2.1、NNIE初始化下SAMPLE_COMM_SVP_NNIE_ParamInit实现分析

  首先看SAMPLE_COMM_SVP_NNIE_ParamInit:

1 HI_S32 SAMPLE_COMM_SVP_NNIE_ParamInit(SAMPLE_SVP_NNIE_CFG_S *pstNnieCfg,
2 SAMPLE_SVP_NNIE_PARAM_S *pstNnieParam)
3 {
4 .......
5
6 /*NNIE parameter initialization */
7 s32Ret = SAMPLE_SVP_NNIE_ParamInit(pstNnieCfg,pstNnieParam);
8 .......
9 }

  这个函数的实现里做了一些输入参数的有效判断后,就直接调用SAMPLE_SVP_NNIE_ParamInit,因此我们就直接看SAMPLE_SVP_NNIE_ParamInit(NNIE参数初始化)的实现,在这个函数里首先调用:

1 /*fill forward info*/
2 s32Ret = SAMPLE_SVP_NNIE_FillForwardInfo(pstNnieCfg,pstNnieParam);

  这个函数的实质就是使用pstNnieParam->pstModel->astSeg的信息来初始化pstNnieParam->astForwardWithBboxCtrl与pstNnieParam->astSegData这两个结构体。

  SAMPLE_SVP_NNIE_ParamInit下第2个关键SAMPLE_SVP_NNIE_GetTaskAndBlobBufSize函数,输入参数如下:

1     /*Get taskInfo and Blob mem size*/
2 s32Ret = SAMPLE_SVP_NNIE_GetTaskAndBlobBufSize(pstNnieCfg,
3 pstNnieParam,
4 &u32TotalTaskBufSize,/*输入&输出:输入值为0; 输出:网络各段辅助内存的总和*/
5 &u32TmpBufSize,/*输入&输出,输入值为0; 输出:模型辅助内存大小*/
6 astBlobSize,/*输入&输出:输入为空; 输出:各段第1个输入、输出节点辅助内存*/
7 &u32TotalSize);

  这个函数是计算各个段、各个段中的各个节点的的辅助内存大小。我们知道,在之前的load模型的步骤中,是已经获取到模型的辅助内存(pstNnieParam->pstModel->u32TmpBufSize),但各段、段中各个节点的辅助内存是不知道的,因此该函数就是获取这些辅助内存。在这个函数中,首先调用底层API  HI_MPI_SVP_NNIE_GetTskBufSize获取到网络任务的各段的辅助内存pstNnieParam->au32TaskBufSize,然后再调用SAMPLE_SVP_NNIE_GetBlobMemSize计算第1段的第1个输入节点Blob的辅助内存,以及每段的第1个输出节点的Blob辅助内存。
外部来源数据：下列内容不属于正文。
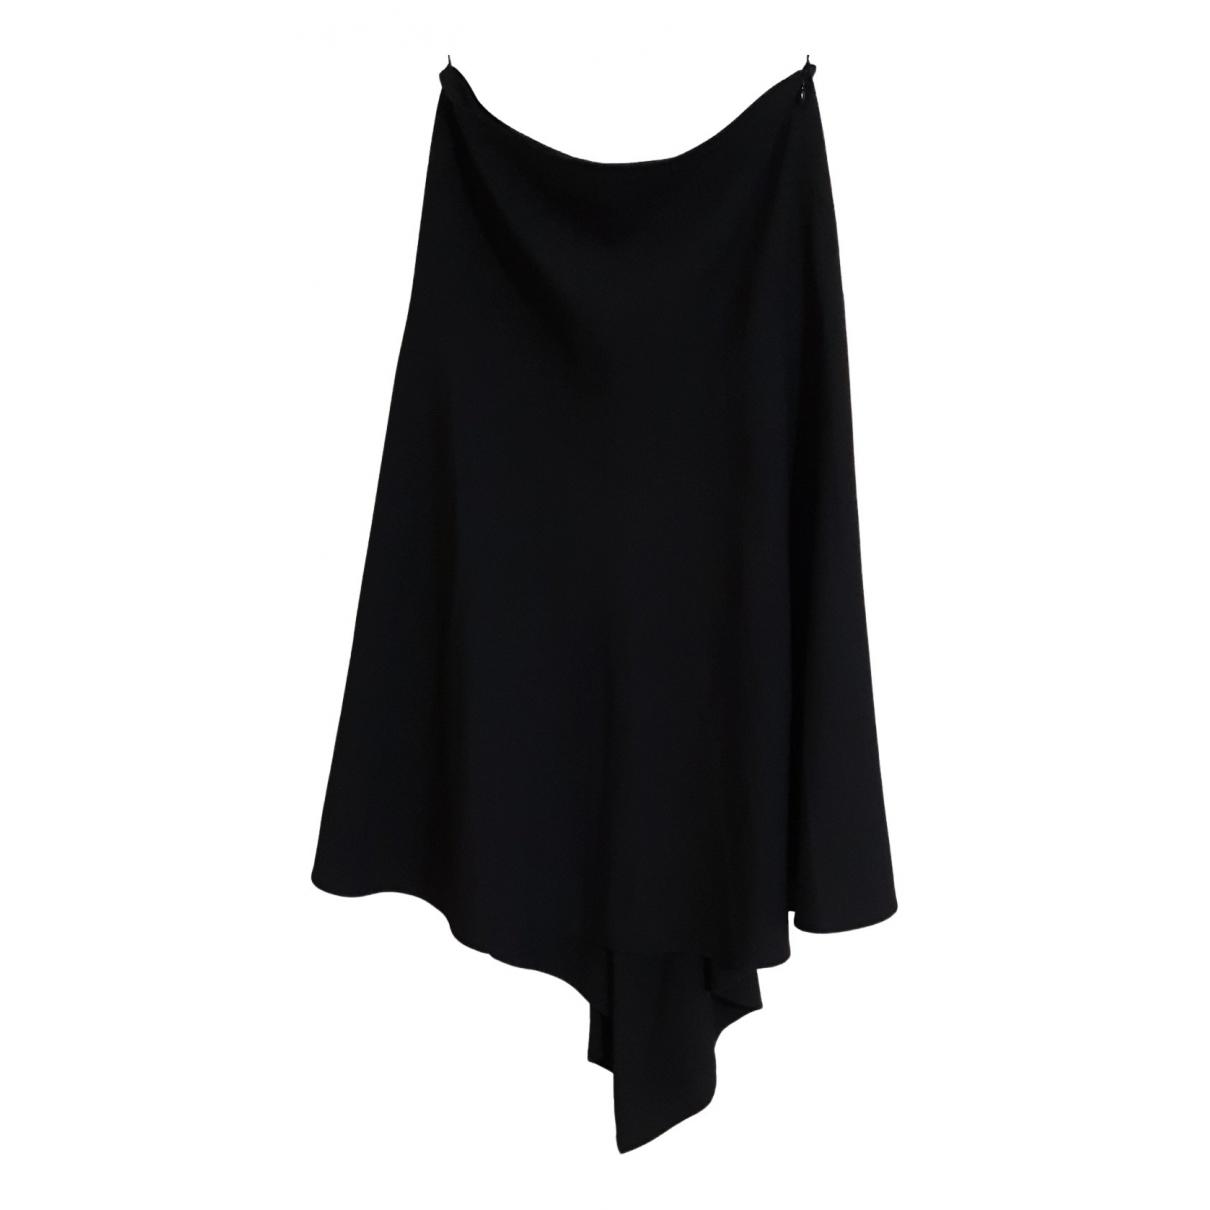 Armani Jeans N Black skirt for Women 44 IT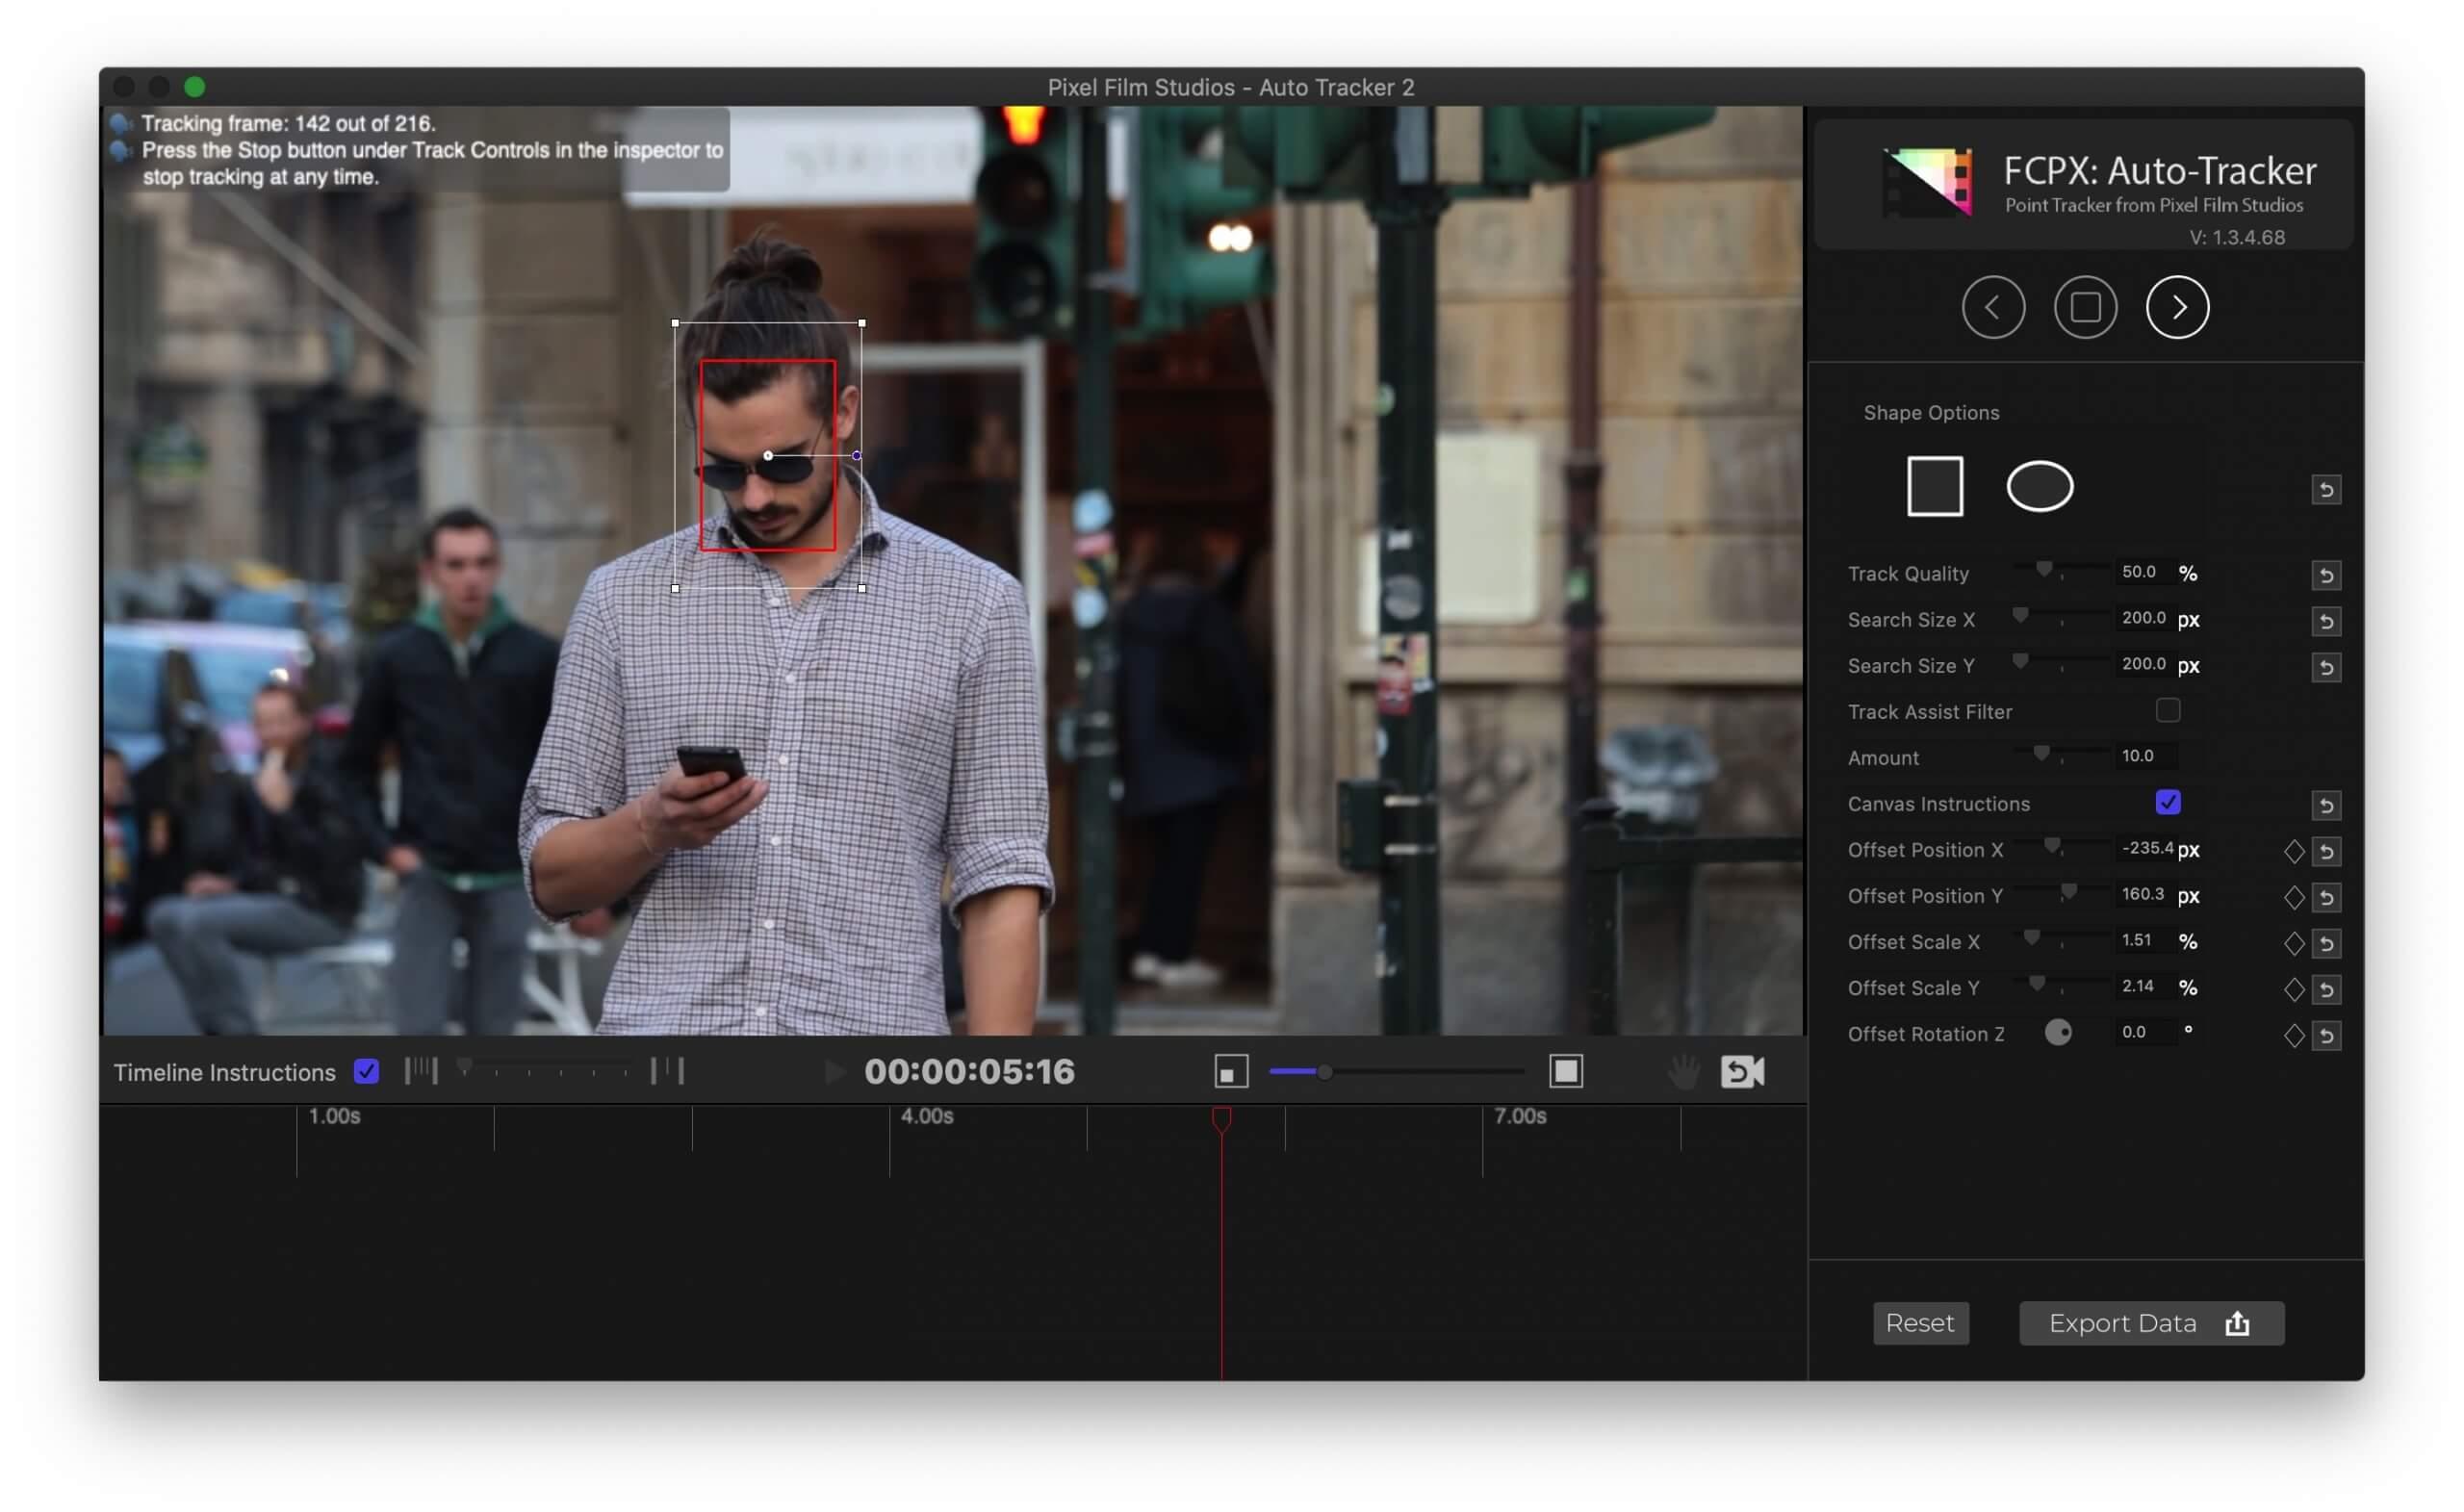 fcpx插件 脸部局部扭曲液化变形自动跟踪工具 支持 fcpx 10.5.1 Distortion Tracker 2

  回到SAMPLE_SVP_NNIE_ParamInit函数中,SAMPLE_SVP_NNIE_GetTaskAndBlobBufSize执行完后,u32TotalSize为总的辅助内存大小(含模型、段、节点),此时调用第三个函数MallocCached实现内存空间分配:

1 /*Malloc mem*/
2 s32Ret = SAMPLE_COMM_SVP_MallocCached("SAMPLE_NNIE_TASK",NULL,(HI_U64*)&u64PhyAddr,(void**)&pu8VirAddr,u32TotalSize);

  接着后面,执行SAMLE_COMM_SVP_FlushCacheha函数,实现cache数据转移到内存中,具体实现如下:

1 HI_S32 SAMPLE_COMM_SVP_FlushCache(HI_U64 u64PhyAddr, HI_VOID *pvVirAddr, HI_U32 u32Size)
2 {
3 HI_S32 s32Ret = HI_SUCCESS;
4 s32Ret = HI_MPI_SYS_MmzFlushCache(u64PhyAddr, pvVirAddr,u32Size);
5
6 /*刷新 cache 里的内容到内存并且使 cache 里的内容无效
7 此接口应与 HI_MPI_SYS_MmzAlloc_Cached 接口配套使用。*/
8 return s32Ret;
9 }

  再根据得到的虚拟内存地址、物理内存地址来初始化pstNnieParam->stTaskBuf、pstNnieParam->stTmpBuf、pstNnieParam->astForwardWithBboxCtrl[i].stTmpBuf、pstNnieParam->astForwardWithBboxCtrl[i].stTskBuf、stNnieParam->astForwardCtrl[i].stTskBuf、stNnieParam->astSegData[i].astSrc[j]这些结构体中的内存地址值,这个才是真正的初始化,之前在SAMPLE_SVP_NNIE_FillForwardInfo函数中也有对这些结构体做初始化,但那是“false init”,到此SAMPLE_COMM_SVP_NNIE_paramInit函数下SAMPLE_SVP_NNIE_ParamInit函数执行完毕。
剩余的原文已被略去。